By opening day, Landrith had won the starting role for the Cubs from Chiti. He played in a major league career-high 111 games, but only had a .222 average to go with 4 home runs and 32 RBI to show for it. He was 1st in the National League in gunning down runners attempting to steal a base with 23 and was 2nd in the league with assists as a catcher. However, Landrith was also 3rd in the National League with 10 passed balls and led all the majors in errors committed as a catcher with 14. He grounded into only 2 double plays, having a ratio of 181 plate appearances per double play, good enough for 3rd in the majors. Landrith had a streak of not grounding into a double play that lasted exactly one year, from May 2, 1956, to May 2, 1957.

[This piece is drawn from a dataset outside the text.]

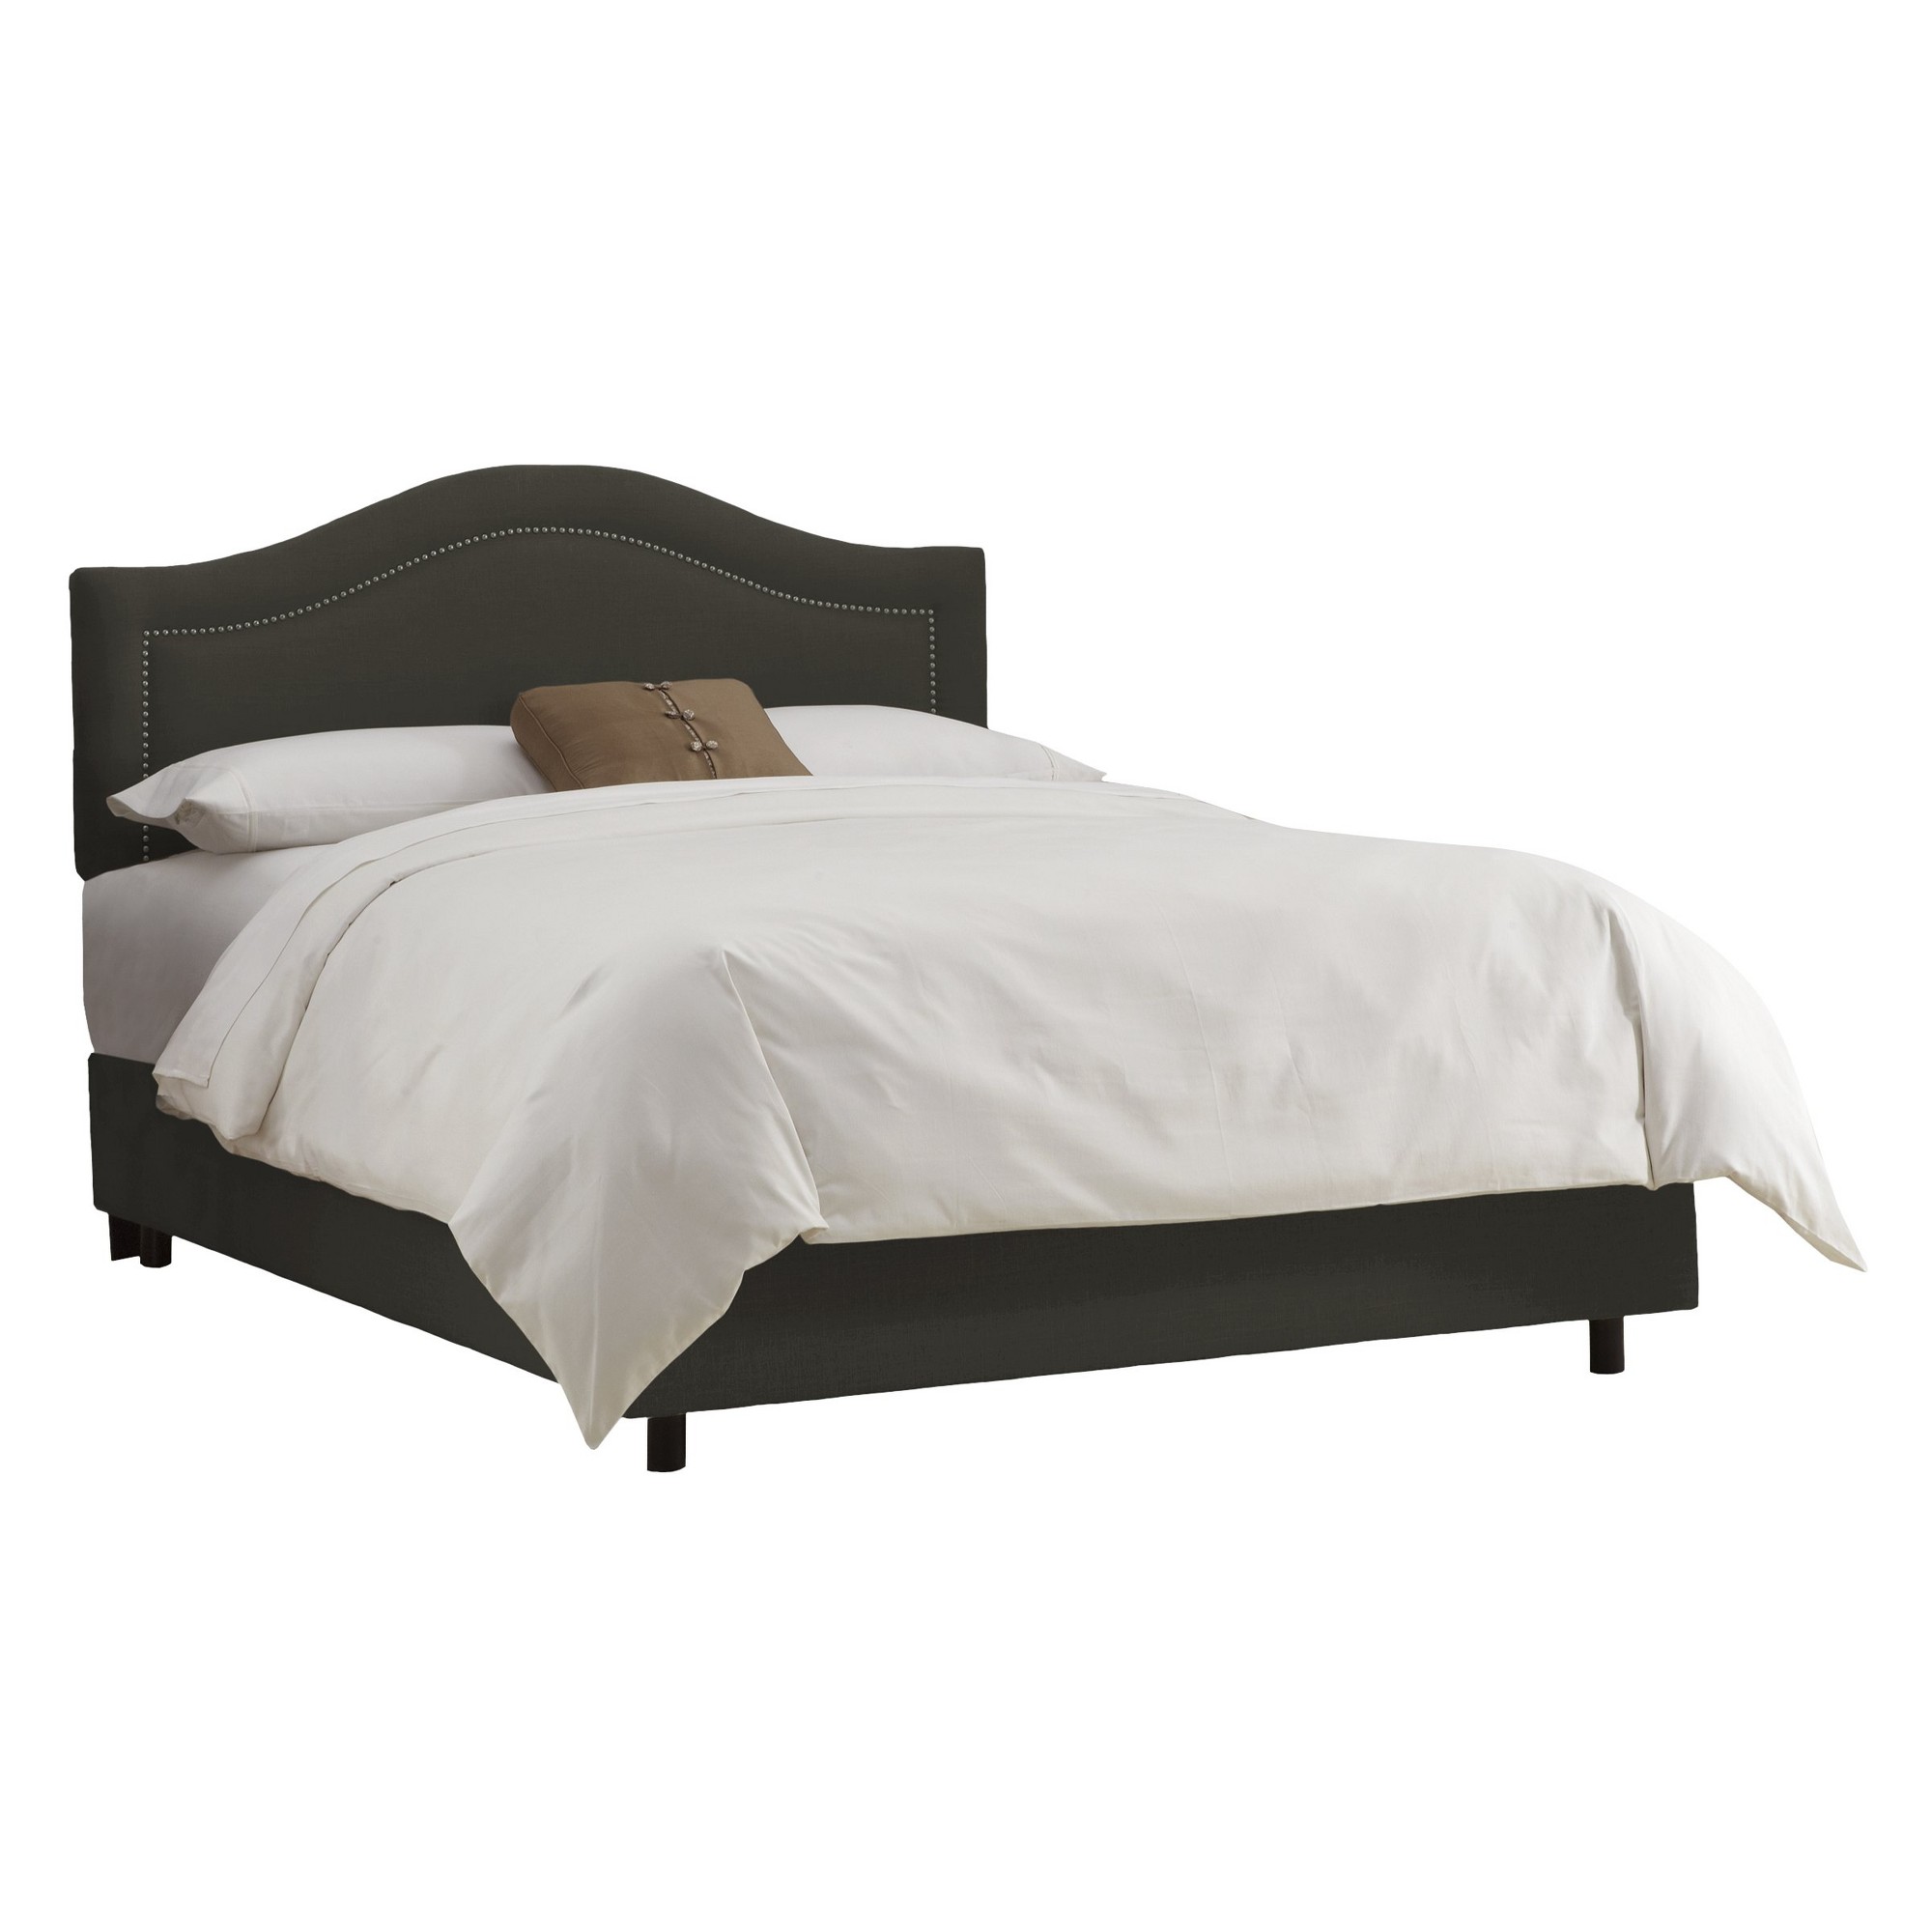 Skyline Furniture Merion Inset Nailbutton Bed - Charcoal (Full) - Skyline Furniture , Grey

Chicago ended the 1956 season with an atrocious 60–94 record. In September, general manager Stan Hack was set to be fired at the end of the season. Bob Scheffing was hired as new GM on October 12, and the new Cubs regime made it clear that they were not satisfied with the current platoon of Landrith and Chiti working behind the plate with a combined 50 RBI, also implying that defensively the teams catching "left something to be desired." There was reportedly a deal in the works to send Landrith back to the Cincinnati Reds in exchange for former teammate and fellow catcher Smoky Burgess, but it fell through as Landrith was officially dealt to his new team.

===St. Louis Cardinals===
On December 11, 1956, Landrith, along with Jim Davis, Sam Jones, and Eddie Miksis was traded to the St. Louis Cardinals for Wally Lamers, Jackie Collum, Ray Katt, and Tom Poholsky. Landrith locked his in contract for the 1957 season by signing his pact with the Cardinals on December 18. When general manager Fred Hutchinson commented on all the acquisitions the Cards had for the upcoming season, he said that Landrith would be a good backup catcher for current starter Hal Smith, just coming off a successful rookie season.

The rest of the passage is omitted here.